> [Data]:
+--

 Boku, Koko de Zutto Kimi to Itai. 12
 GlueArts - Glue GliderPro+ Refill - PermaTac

+--

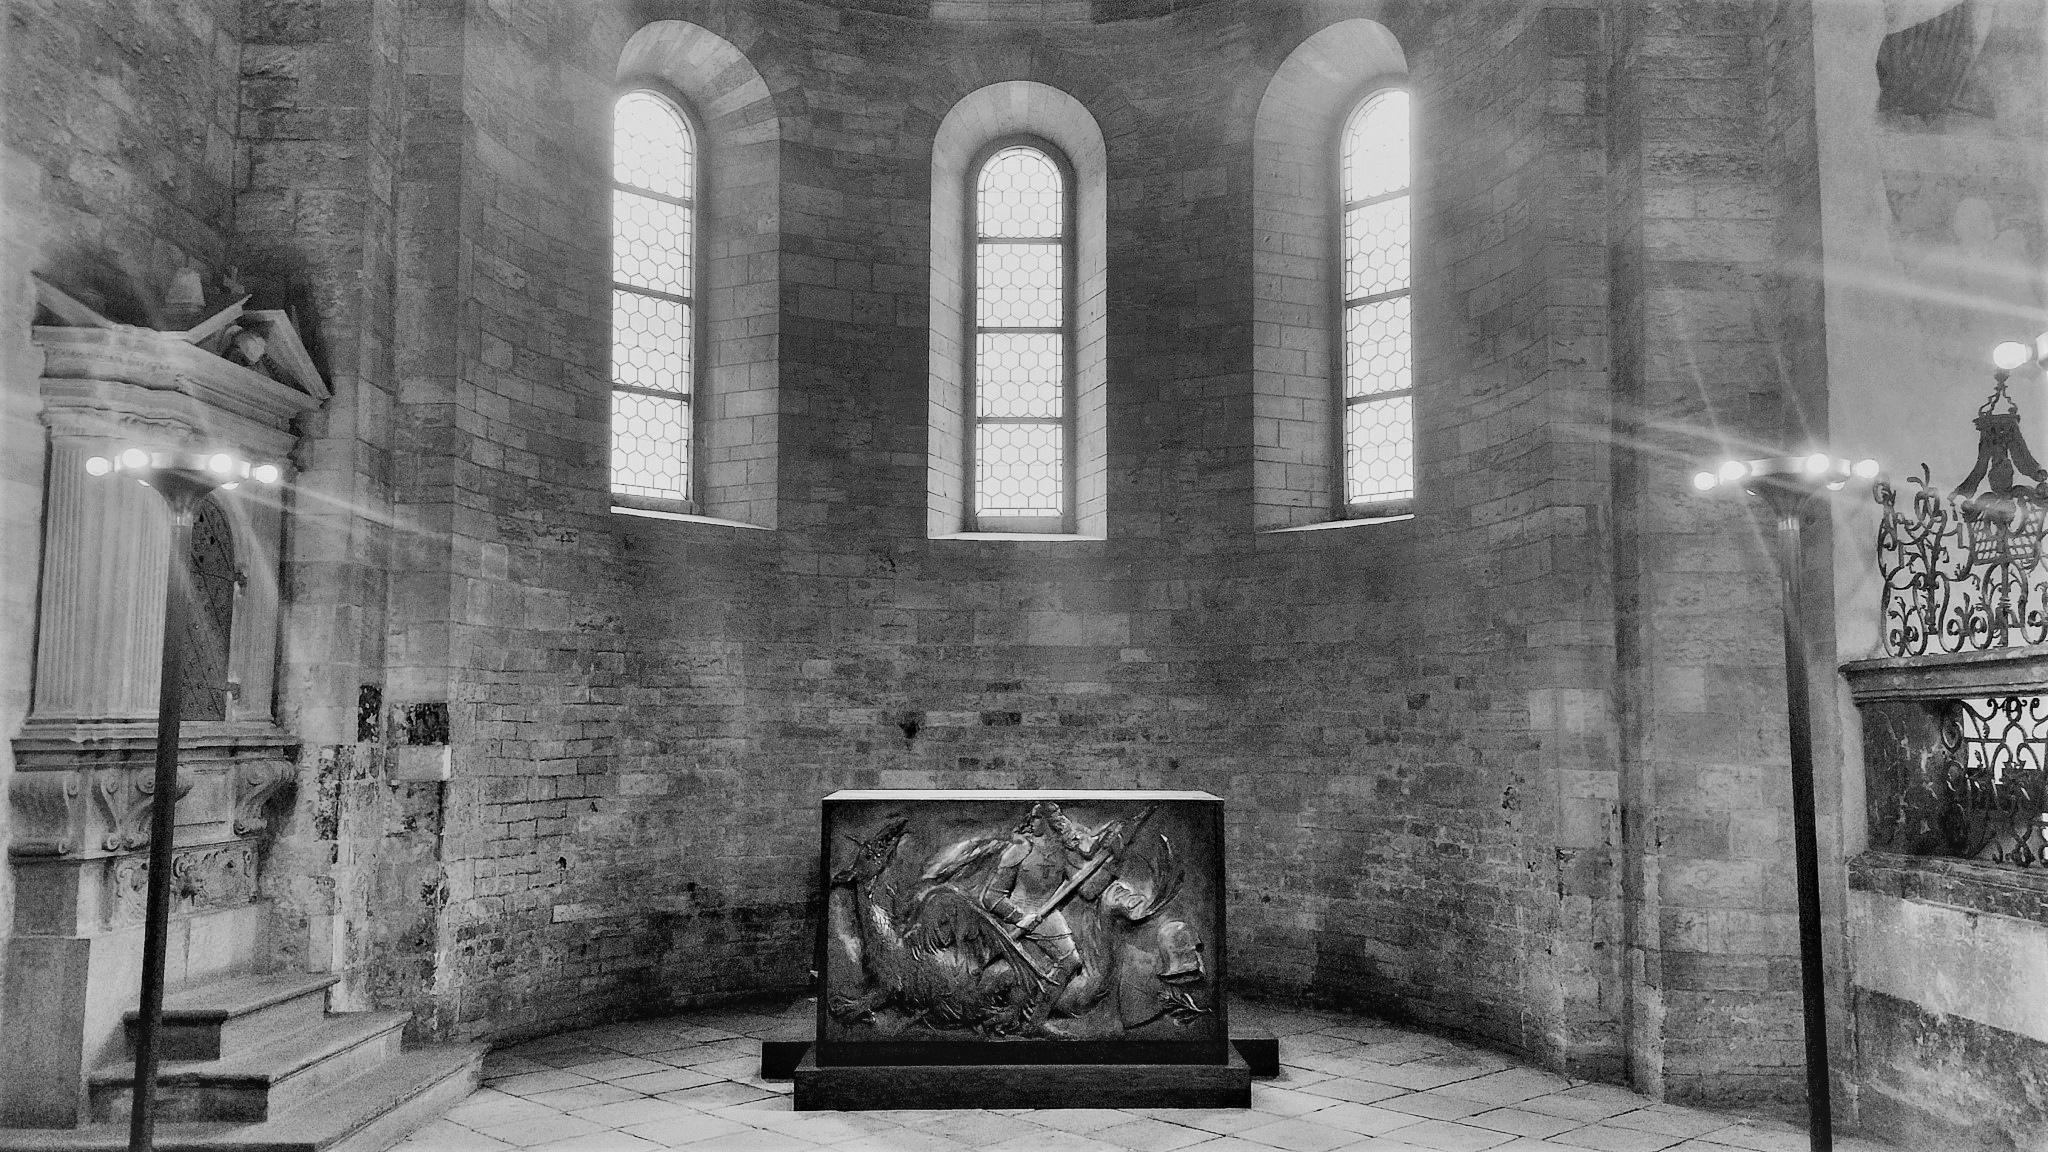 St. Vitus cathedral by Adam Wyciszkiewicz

+--

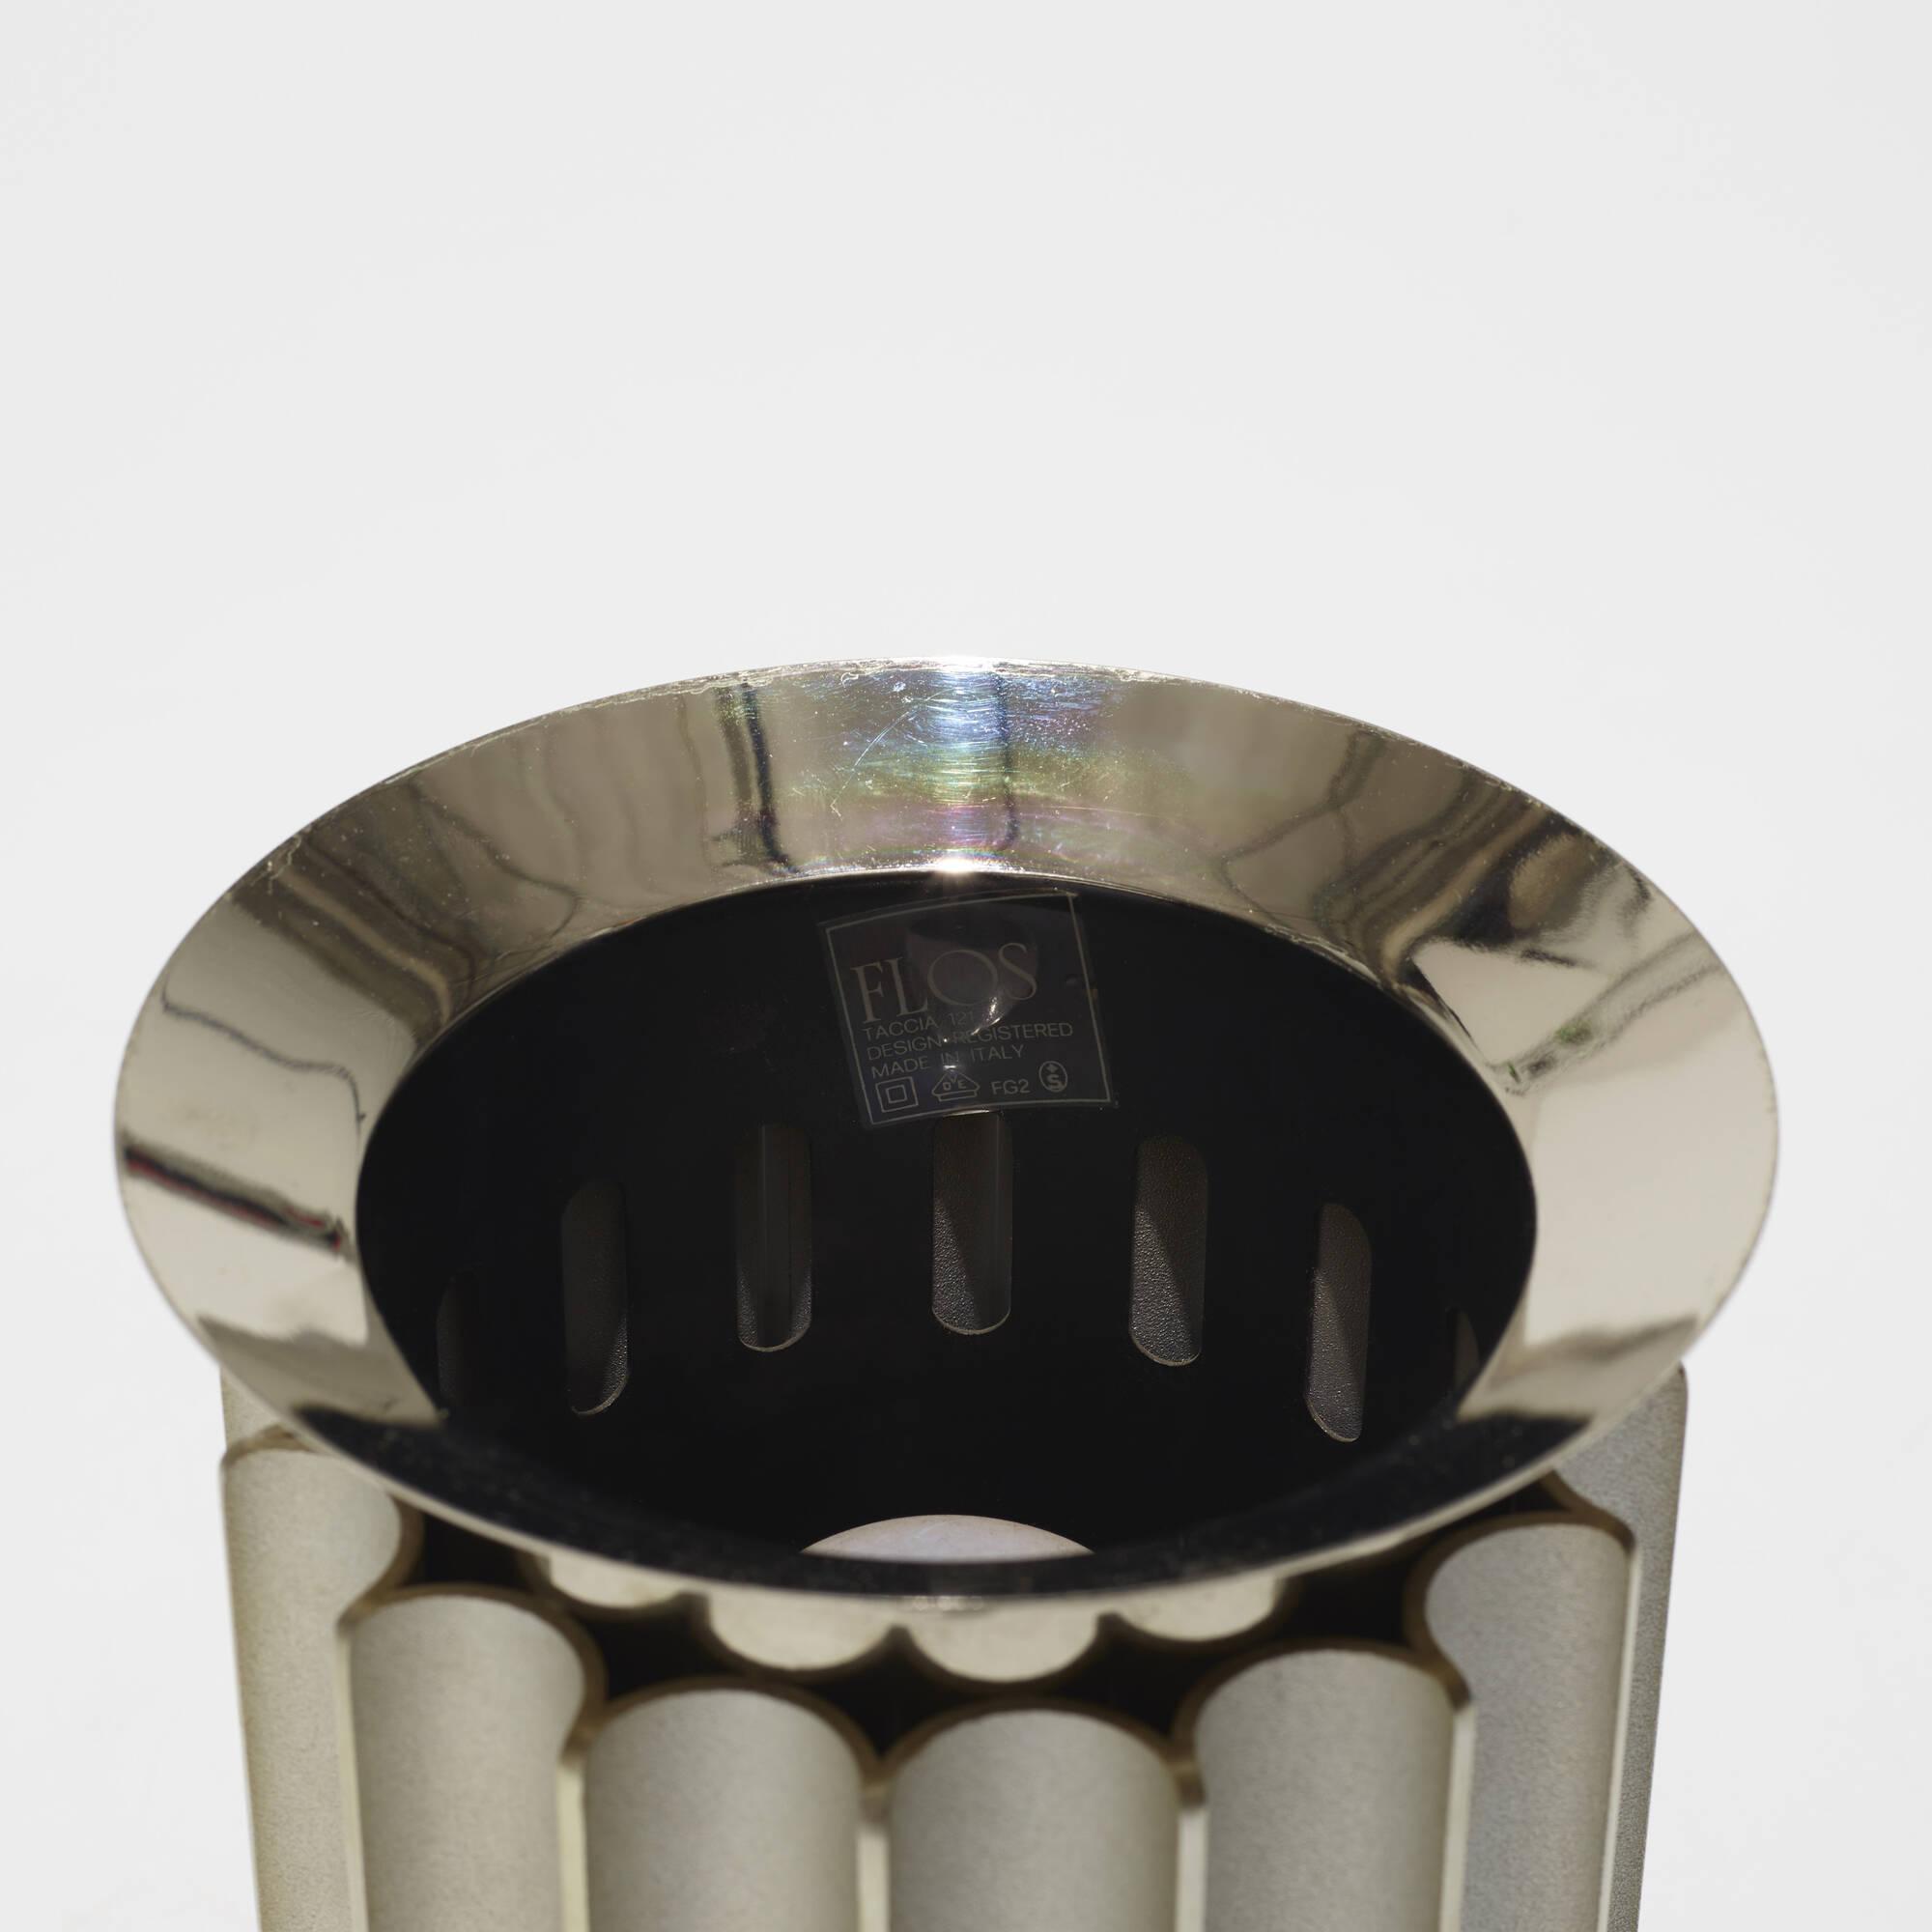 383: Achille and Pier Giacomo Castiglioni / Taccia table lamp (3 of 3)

+--

> [What to do]: Keeping every character as it is, restate the lines above that run from the line with "Boku, Koko de Zutto Kimi to Itai. 12" through the line with "GlueArts - Glue GliderPro+ Refill - PermaTac", both included, and nothing else.

> [Solution below]:
 Boku, Koko de Zutto Kimi to Itai. 12
 GlueArts - Glue GliderPro+ Refill - PermaTac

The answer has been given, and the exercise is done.